I’m reading Go As a River by Shelley Read, a IRL bookclub book. I’m not far enough into it to share an opinion.
I’ve got several books here that I can start when ready, most of which fall into next-in-a-series category:
Dirty Thirty - Janet Evanovich - Stephanie Plum series
Payback in Death - J.D. Robb - In Death series
Gone Tomorrow - Lee Child - Jack Reacher and, yes, I’m way behind in the series.
The Ink Black Heart - Robert Galbraith - Cormoran Strike series. I’ve had this one waiting for a while but it’s 1000 pages so I keep putting it off.
Holly - Stephen King - Holly Gibney series
I also have two Halloween-scary-horror books ready to read:
Just Like Home - Sarah Gailey
Vampires of El Norte - Isabel Cañas - She wrote The Hacienda which I really liked, so I’m looking forward to seeing if her sophomore novel is as good.
Anyway, I have more books than I can possibly read but it will be fun getting to pick and choose.
And before I leave
for @Mary13 for taking time to pull us together for another book + discussion. This book club is the best, as are you.

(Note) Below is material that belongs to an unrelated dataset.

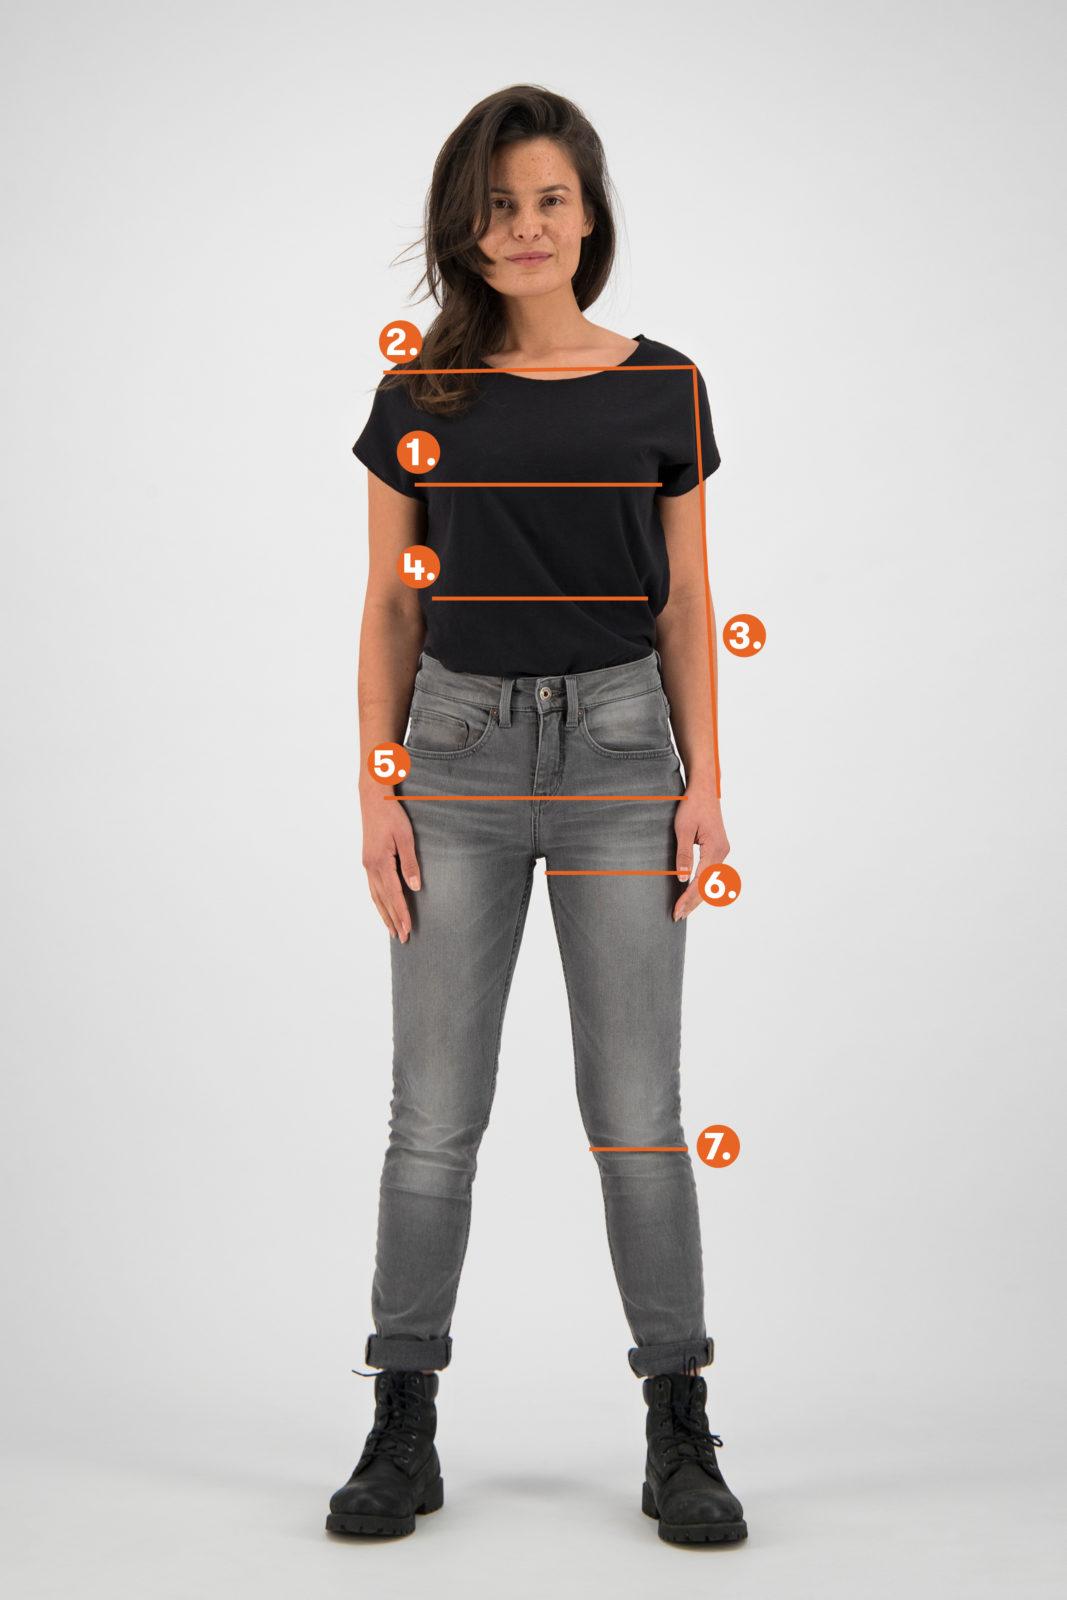 Kuyichi size Women Where to measure

And another special thanks to @SouthJerseyChessMom for all you added to the discussion.
Looking forward to Fellowship Point.
Wow, I thank you, @ignatius for the lovely compliment. I will have to reread this thread, I didn’t think I participated very much.
But, I do appreciate your comment
I think that May/December romance might seem a little creepy these days! The Australia romance that I adore is A Town Like Alice by Nevil Chute. The TV mini series was very good too.
Missed the voting! We are hiking Hadrian’s Wall and have been pretty tired in the evenings.
I just finished Loretta Chase’s A Duke in Shining Honor. It’s an extremely silly, rather sexy Regency Romance.
My husband gave me Outlive: the Science and Art of Longevity. It’s very long winded, but interesting.
Also recently finished The Jade Setter of Janloon, by Fonda Lee a novella set in her somewhat like Hong Kong, but jade can give some people certain superpowers. I really like the world she has created and we meet some of our favorite characters here.
And because of the Hadrian’s Wall trip I read The Island of Ghosts by Gillian Bradshaw. It’s about a Sarmatian soldier who ends up in the Roman army on Hadrian’s Wall. It’s fascinating. I learned a lot from it, but it was also really fun to read.
Good point! And A Town Like Alice is a big favorite of mine. I’ve probably read it a dozen or more times over the years l!
I loved A Town Like Alice. It’s been decades since I read it. Definitely one to put on the classic romances list.
Better that than On the Beach!
And let’s not forget Wuthering Heights. Sitting inside, reading, on a frosty January day and imagining the moors outside the window.
Seetha, my friend from India, loved A Town Like Alice. She wanted me to read it and I told her I would one of these days. Good to see it mentioned.
So many classics to read … so little time.